En er zijn uiteraard verdwenen plekken. Van Egbert van Drielst (1745-1818), met name bekend van aquarellen gemaakt in de omgeving van de buitenplaats Elswout (Overveen, bij Haarlem) en van Drents werk, hangt er een Landschap bij het dorpje Eext, Drenthe. Je ziet een holt. Dat is een opgaand bos, met veel eik, dat gebruikt werd om met name hout voor huizenbouw uit te oogsten en vee in te weiden. Bomen konden er een behoorlijke leeftijd krijgen (anders had je geen geschikt hout). Op sommige plekken zit keileem in de ondergrond waardoor het water niet wegzakte, prima voor het vee om uit te drinken en verkoeling in te zoeken. In de middeleeuwen waren die holten heel normaal maar ze verdwenen langzaam uit het landschap dat steeds opener werd. Op sommige plekken is zo’n holt er nog, zoals in Gasteren en Anloo. In Eext is hij verdwenen.
Misschien heeft Van Drielst het iets mooier gemaakt dan het in werkelijkheid was. Maar het is bescheiden naast de woudreuzen die Paulus van Liender (1731-1797) ons voorschotelt. Hij trekt alles uit de kast om een dramatisch effect te bereiken: woest gekronkelde stammen, bosranken die als lianen omlaag hangen en figuurtjes die in het niet zinken ten overstaan van de overweldigende natuur. Het is het ideale bos.

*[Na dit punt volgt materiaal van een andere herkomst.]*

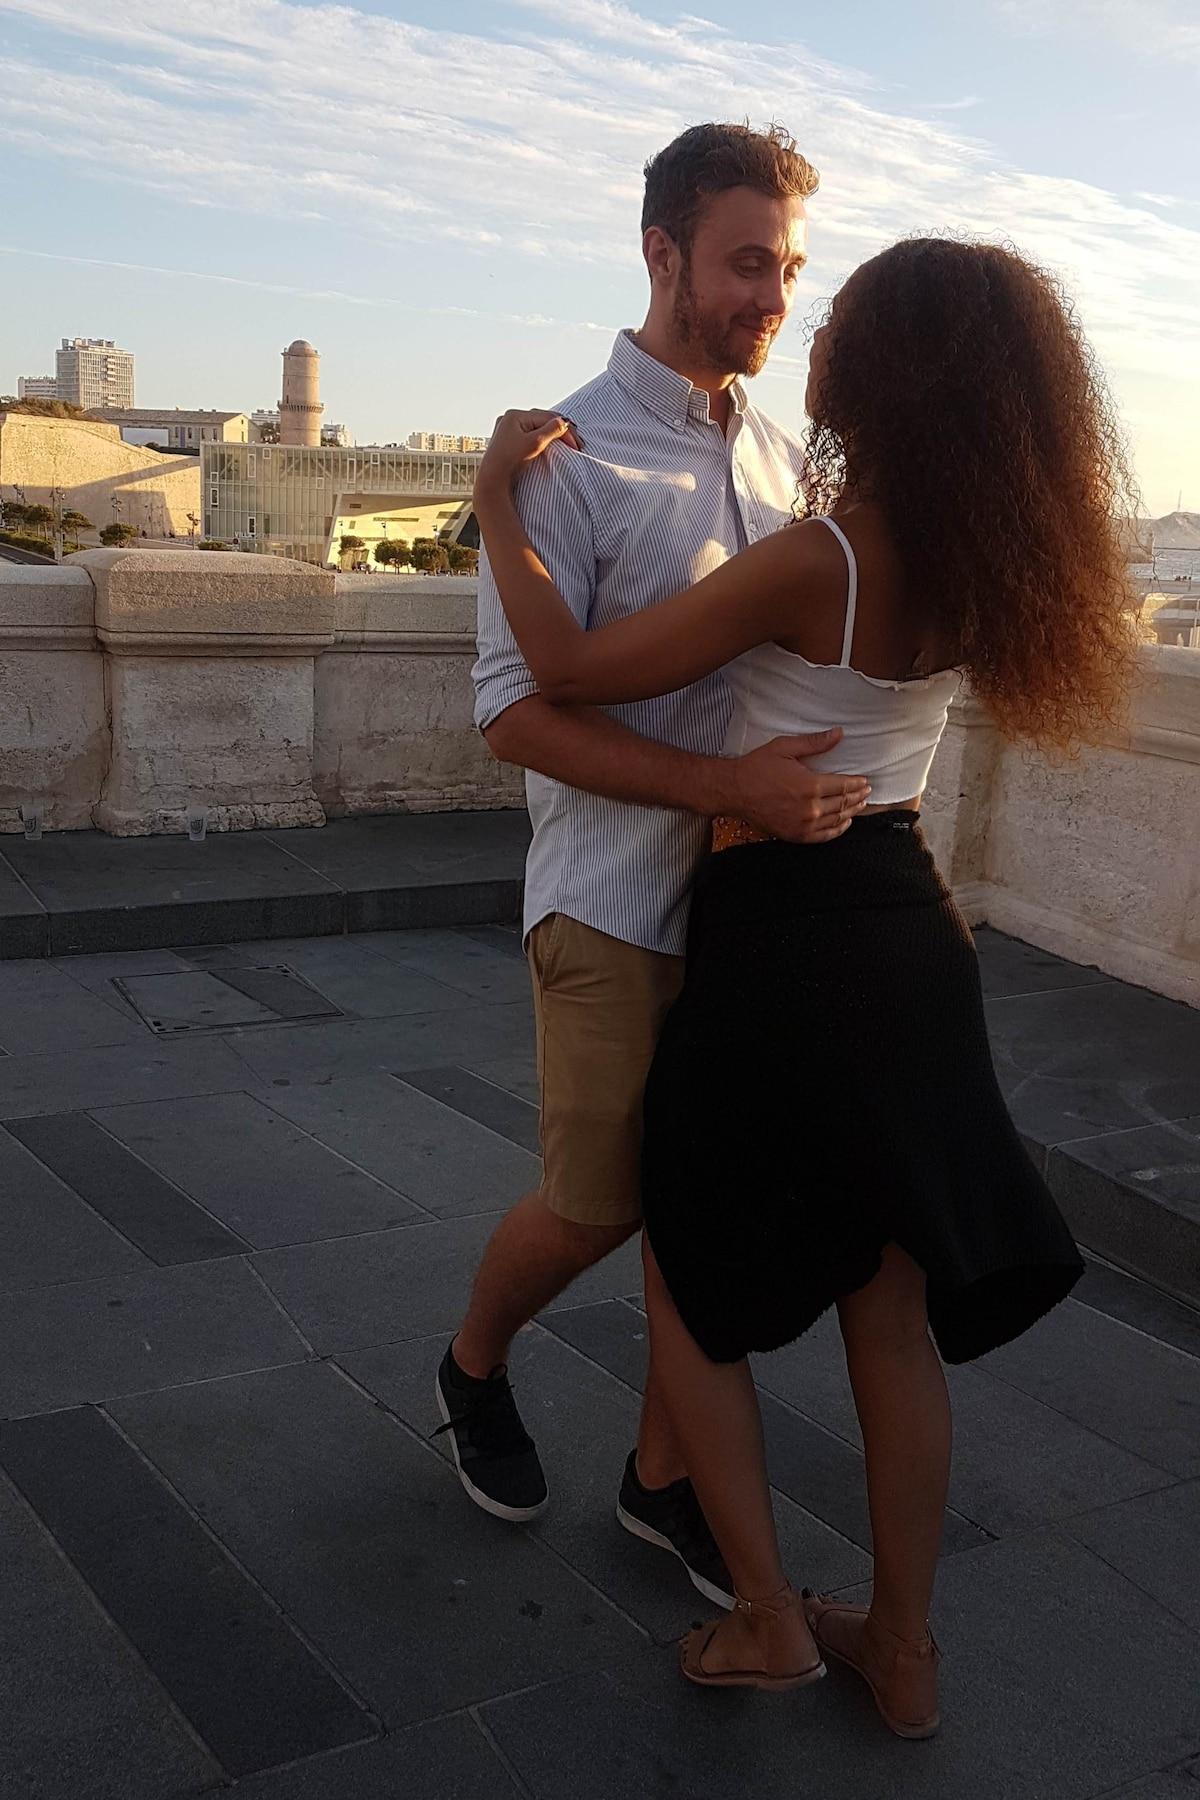 špatné věci ohledně randění s Blíženci

Gaat dat zien. Nu de late Rembrandt weg is, loop je het Rijks zo binnen.
Het panoramisch openingsbeeld is een gezicht op Antwerpen van de Monogrammist VHE of HVE (begin zeventiende eeuw).
Het citaat uit de titel is van Joost van den Vondel (ca.1667) en vat het plezier van de verzamelaar heel goed samen. Met dank aan Piet Schipper en Jori Wolf voor de uitleg over holten.